Common Pitfall — "A nonzero null space means the matrix is wrong or the data is bad." Not at all. A nontrivial null space is a precise, useful fact about the transformation — it names the redundancy. In a regression it flags collinear features (Chapter 6); in a network it encodes a conservation law (Case Study 1); in control it marks states you cannot influence (Case Study 2). The null space is information, not error. The mistake is to ignore it and let a solver hand you one arbitrary solution out of an infinite family as though it were the answer.
13.6.2 What does the shape of A tell you about its two subspaces?
Before computing anything, the shape of an $m \times n$ matrix already constrains both subspaces — and learning to read shape is one of the fastest ways to anticipate what a system will do. Write $r = \operatorname{rank}(A)$ for the number of pivots. Three regimes are worth committing to memory, because each corresponds to a story you will meet repeatedly.
Wide matrices ($n > m$, more columns than rows). A wide matrix has more unknowns than equations. Since the rank can be at most the number of rows, $r \le m < n$, there are at least $n - m \ge 1$ free variables — so a wide matrix always has a nontrivial null space. Its columns cannot be independent (too many vectors for the output space to hold). Consequently, when $A\mathbf{x} = \mathbf{b}$ is solvable at all, it has infinitely many solutions. This is the underdetermined regime: fewer constraints than freedoms, so freedoms are left over. It is the natural habitat of dimensionality reduction, where you deliberately use a wide matrix to compress many coordinates into few.
Tall matrices ($m > n$, more rows than columns). A tall matrix has more equations than unknowns. Its column space lives in $\mathbb{R}^m$ but is spanned by only $n$ columns, so $\dim C(A) = r \le n < m$ — the column space is a proper flat inside $\mathbb{R}^m$, and most right-hand sides are unreachable. The system is overdetermined: usually no exact solution exists, because $\mathbf{b}$ generically misses the low-dimensional column-space flat. This is exactly the situation of fitting a line to many noisy data points (Chapter 17), and it is why least squares — finding the closest reachable point — was invented. A tall matrix can still have a trivial null space (independent columns), giving a unique solution when one exists, but existence is the hard part here.

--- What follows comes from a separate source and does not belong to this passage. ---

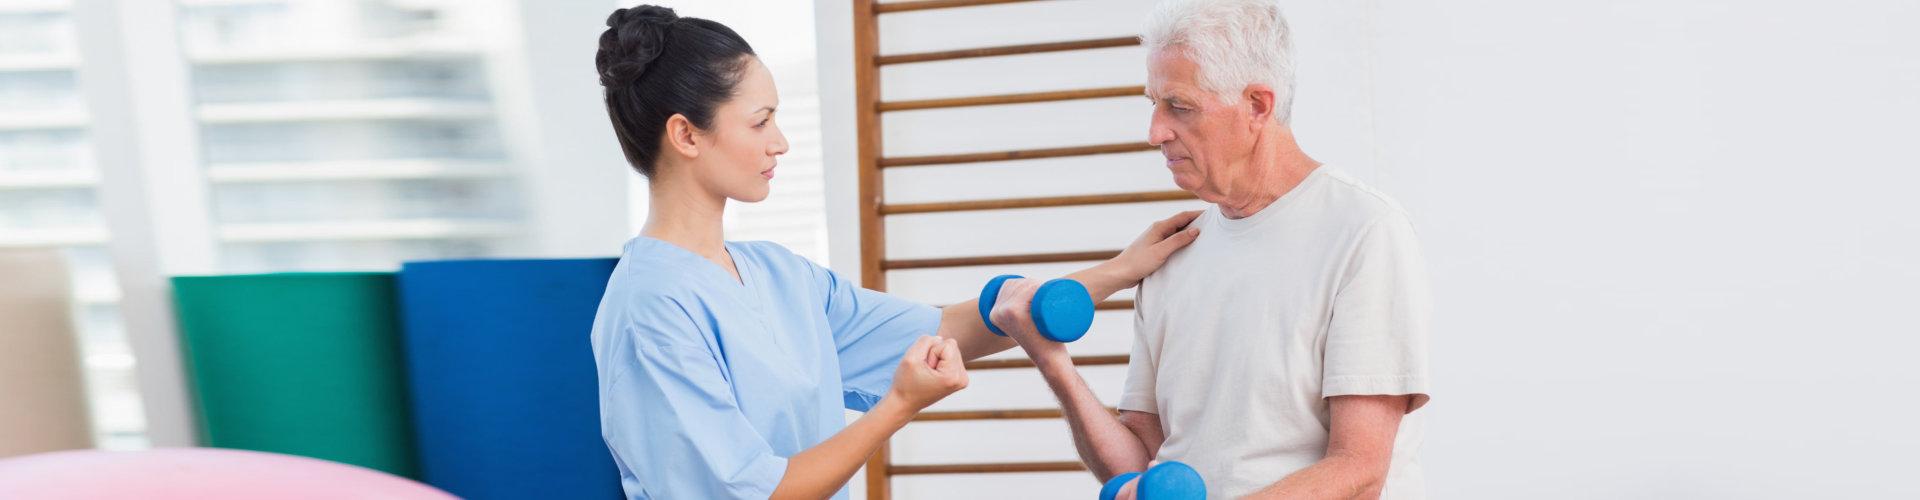 lady caregiver assisting senior man

Square matrices ($m = n$). Now the two questions become one. A square $A$ is invertible exactly when $r = n$, and then $C(A) = \mathbb{R}^n$ (every $\mathbf{b}$ reachable) and $N(A) = \{\mathbf{0}\}$ (every solution unique) — the perfect case of Chapter 9, where $A\mathbf{x} = \mathbf{b}$ has exactly one solution for every $\mathbf{b}$. If instead $r < n$, the square matrix is singular, and the two defects arrive together: the column space drops below full ($\det = 0$, some $\mathbf{b}$ unreachable) and the null space becomes nontrivial (when solutions exist, they are infinite). For a square matrix, "fails to reach everything" and "destroys some directions" are the same failure — you cannot have one without the other.

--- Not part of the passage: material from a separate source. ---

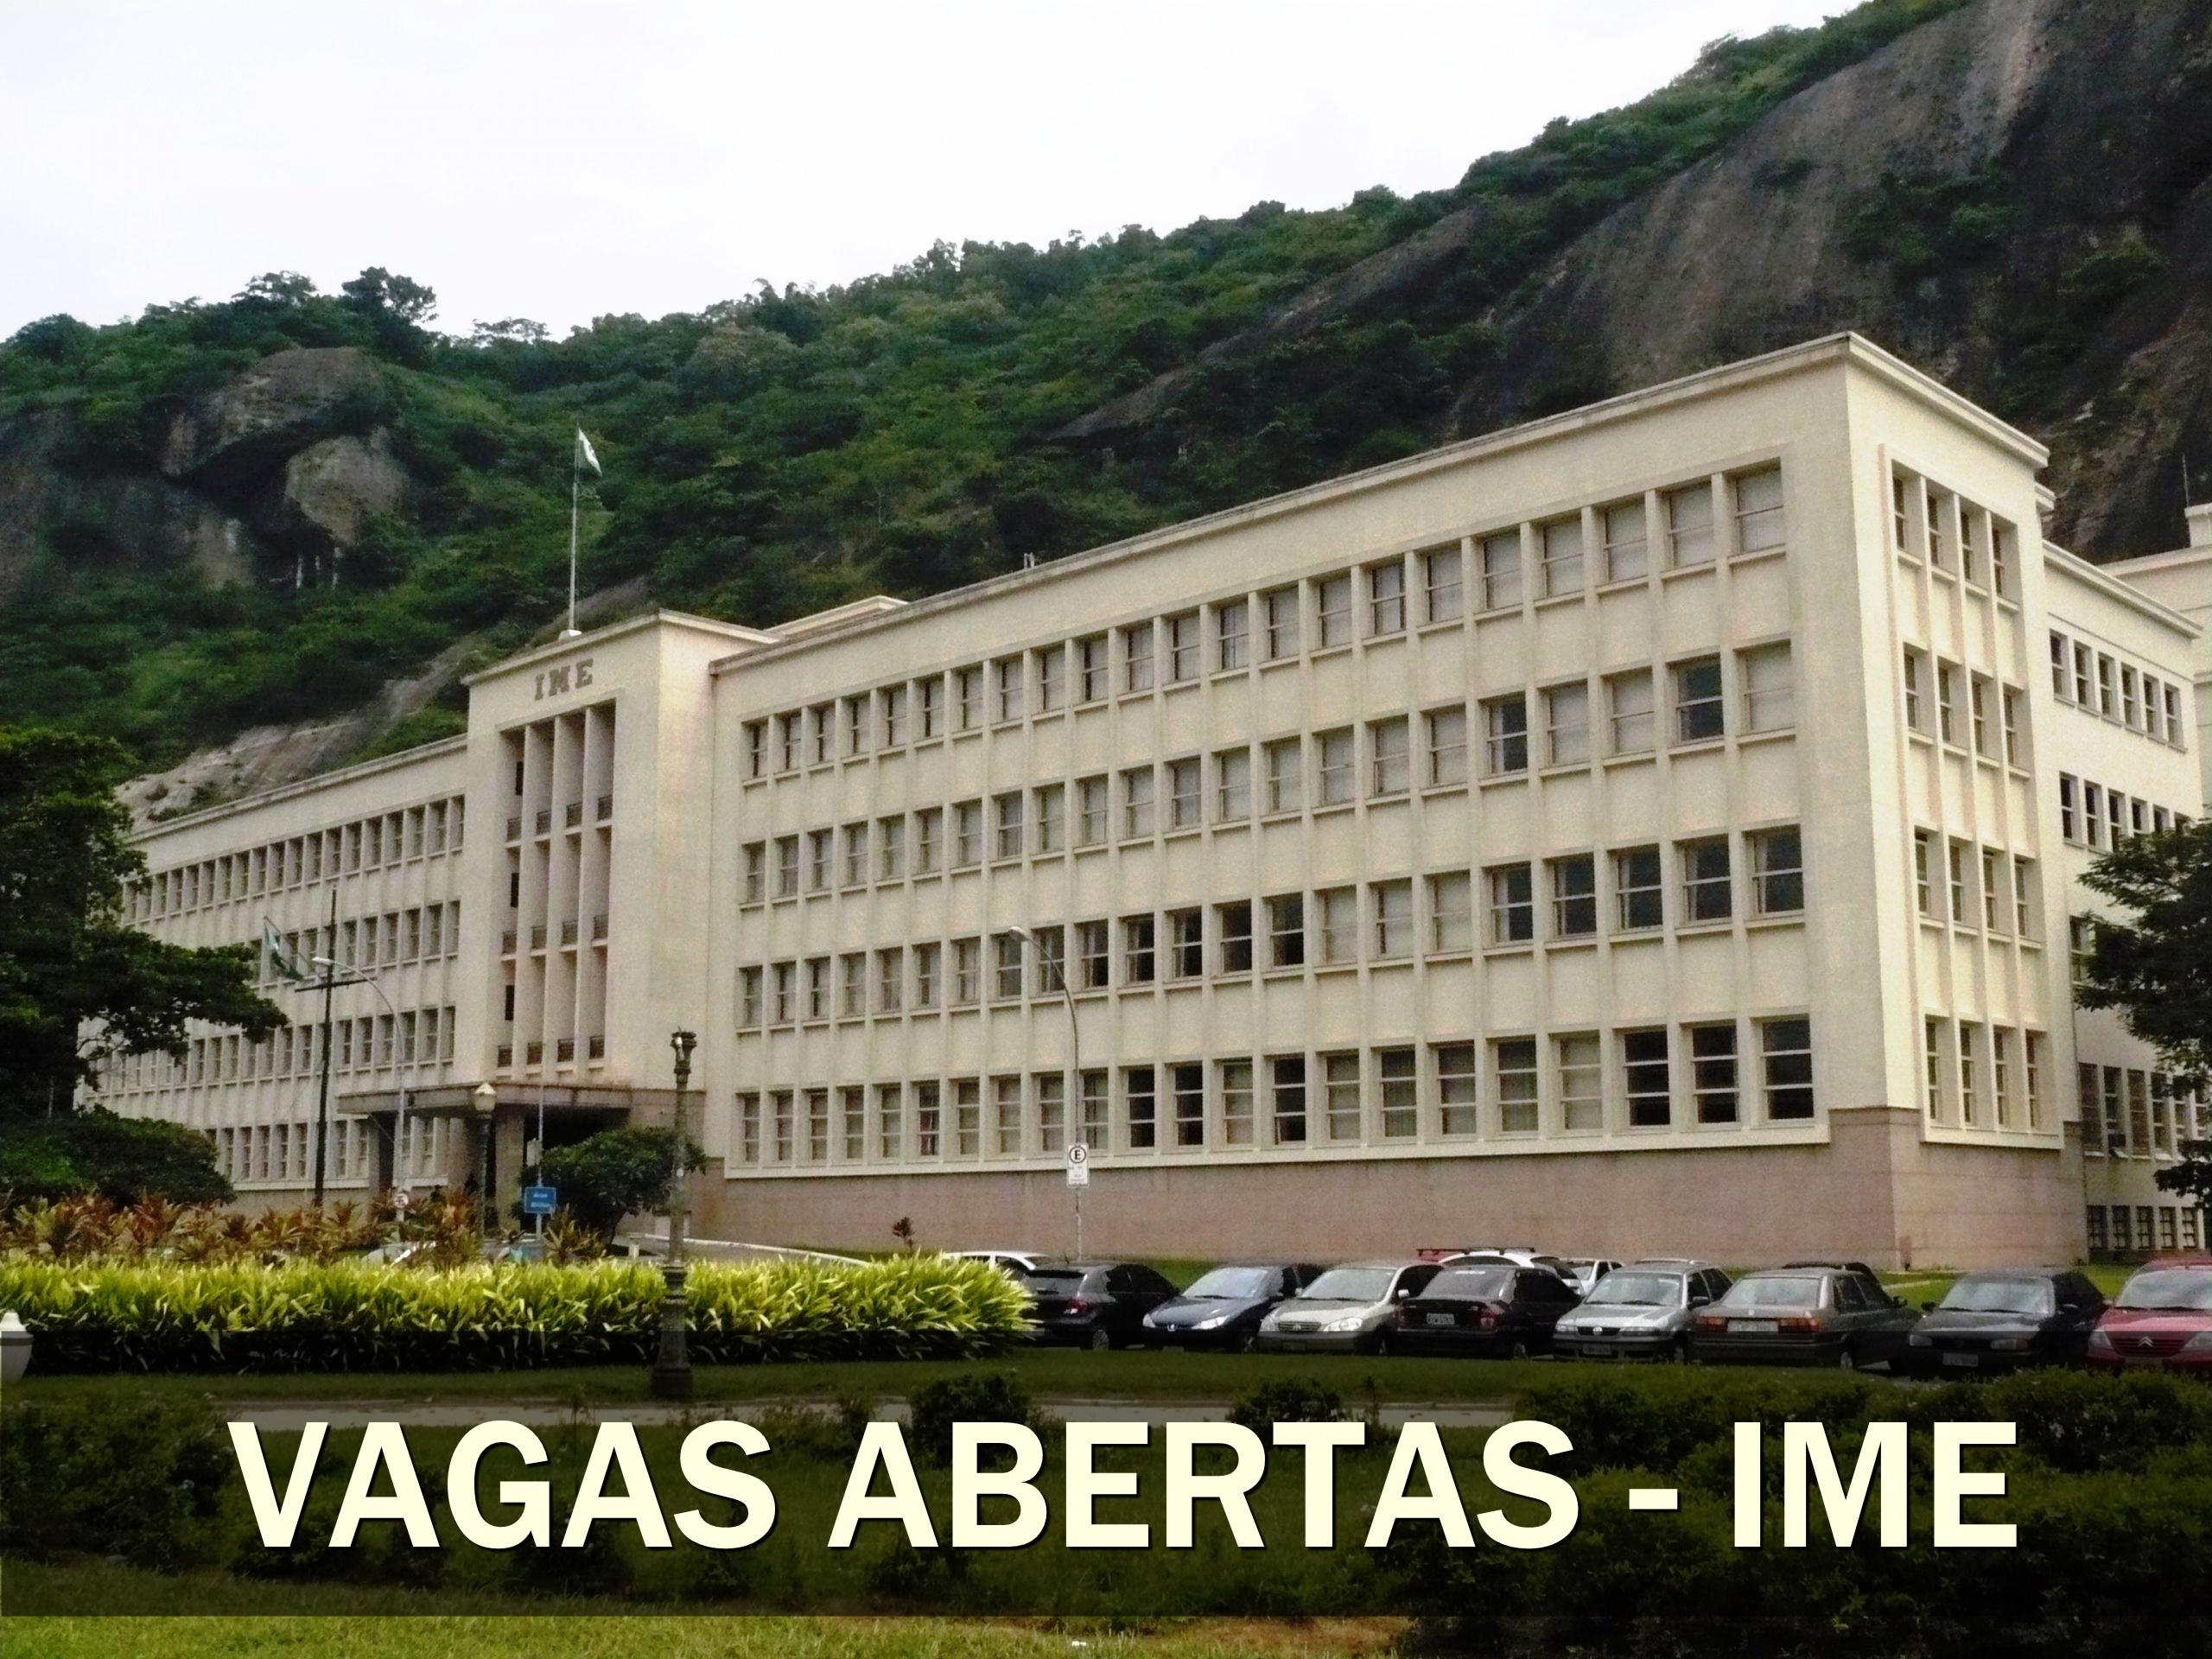 vagas - Instituto Militar de Engenharia - IME - VAGAS concurso - edital - engenharia

Geometric Intuition — Think of $r = \operatorname{rank}(A)$ as the true dimensionality of the transformation — how many independent directions actually survive the trip from input to output. Both subspaces are pinned to this one number: $\dim C(A) = r$ (the surviving output dimensions) and $\dim N(A) = n - r$ (the collapsed input dimensions). Whatever the input space gives ($n$ dimensions), the transformation splits into "$r$ that come through" and "$n - r$ that get crushed." That split is the entire content of the rank–nullity theorem, and you can predict both subspace dimensions the moment you know the rank and the number of columns. Chapter 14 proves the split is exact; you can already use it.

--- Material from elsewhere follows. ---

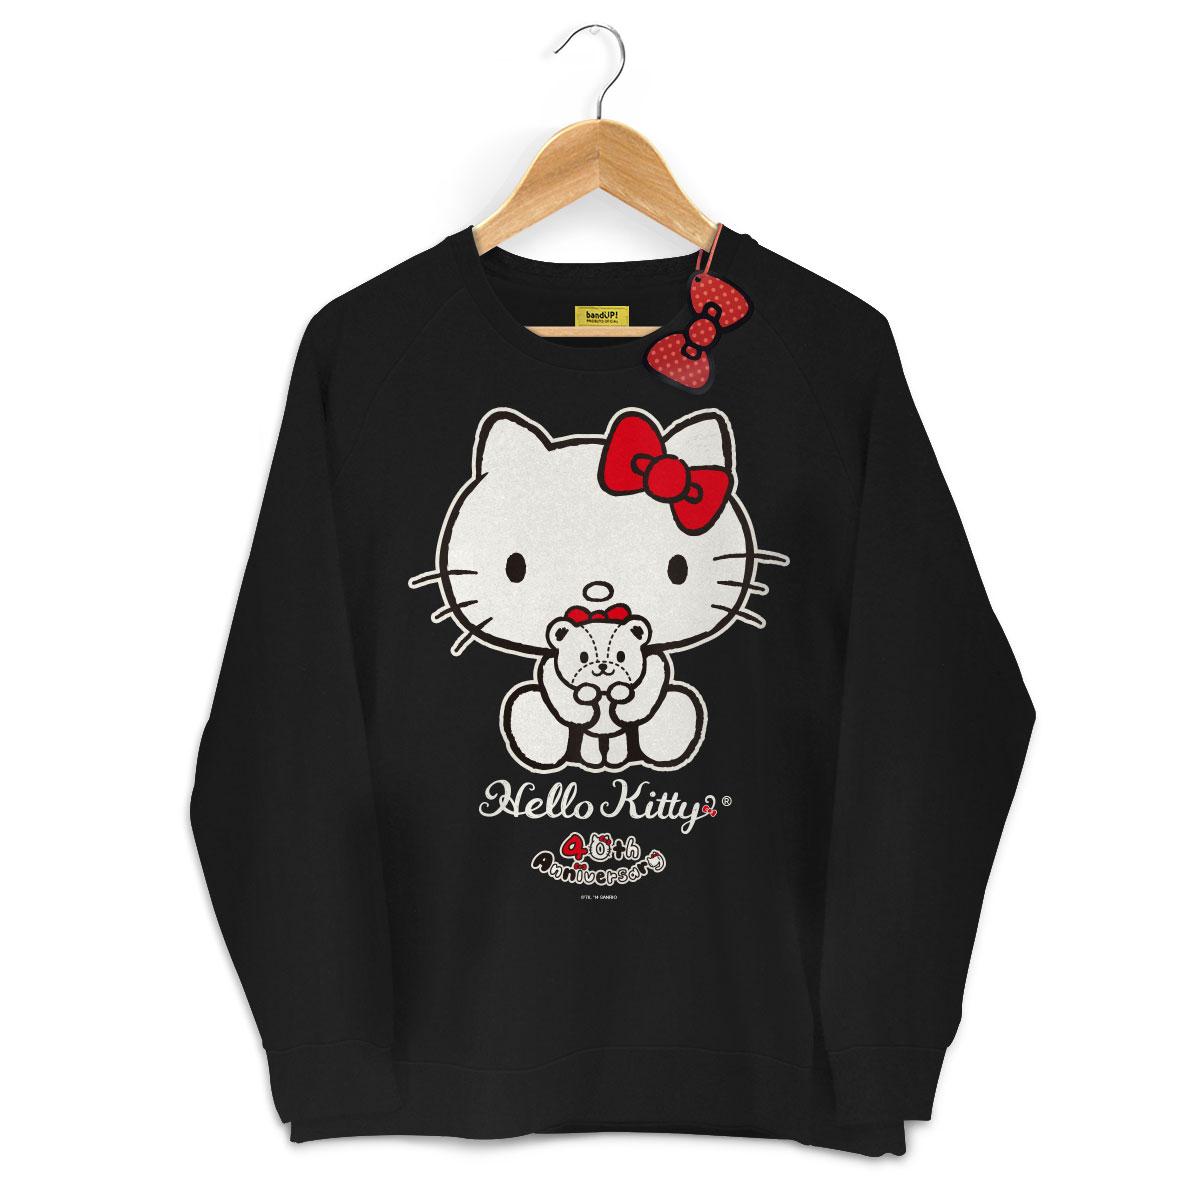 Moletinho Preto Hello Kitty 40th Ribbon 3

Check Your Understanding — Without computing anything, what can you say about the solutions of $A\mathbf{x} = \mathbf{b}$ if $A$ is $3 \times 5$?
Answer
$A$ is wide ($n = 5 > m = 3$). Its rank is at most $3$, so there are at least $5 - 3 = 2$ free variables and the null space has dimension at least $2$ — always nontrivial. Therefore $A\mathbf{x} = \mathbf{b}$ can never have a unique solution: it has either no solution (if $\mathbf{b} \notin C(A)$) or infinitely many (a flat of dimension at least 2). You know this before seeing a single entry of $A$ — shape alone rules out uniqueness.
13.7 A full worked example: both bases from one RREF
Let's do the whole thing by hand on a single matrix and then confirm every number with numpy. Take the $3 \times 4$ matrix
$$A = \begin{bmatrix} 1 & 3 & 3 & 2 \\ 2 & 6 & 9 & 7 \\ -1 & -3 & 3 & 4 \end{bmatrix}.$$
It has four columns living in $\mathbb{R}^3$, so $C(A) \subseteq \mathbb{R}^3$ and $N(A) \subseteq \mathbb{R}^4$ — already a reminder that the two subspaces live in different spaces. Our goal: a basis for each.
Step 1 — Row-reduce to RREF. Eliminate below the first pivot (subtract $2\times$ row 1 from row 2, add row 1 to row 3), then clear the third column, and tidy up. The reduced form is $$R = \begin{bmatrix} 1 & 3 & 0 & -1 \\ 0 & 0 & 1 & 1 \\ 0 & 0 & 0 & 0 \end{bmatrix}.$$ Read off the structure: pivots sit in columns 1 and 3; columns 2 and 4 are free. So $\operatorname{rank}(A) = 2$, there are $2$ free variables, and the bottom row of zeros tells us the three rows were not all independent.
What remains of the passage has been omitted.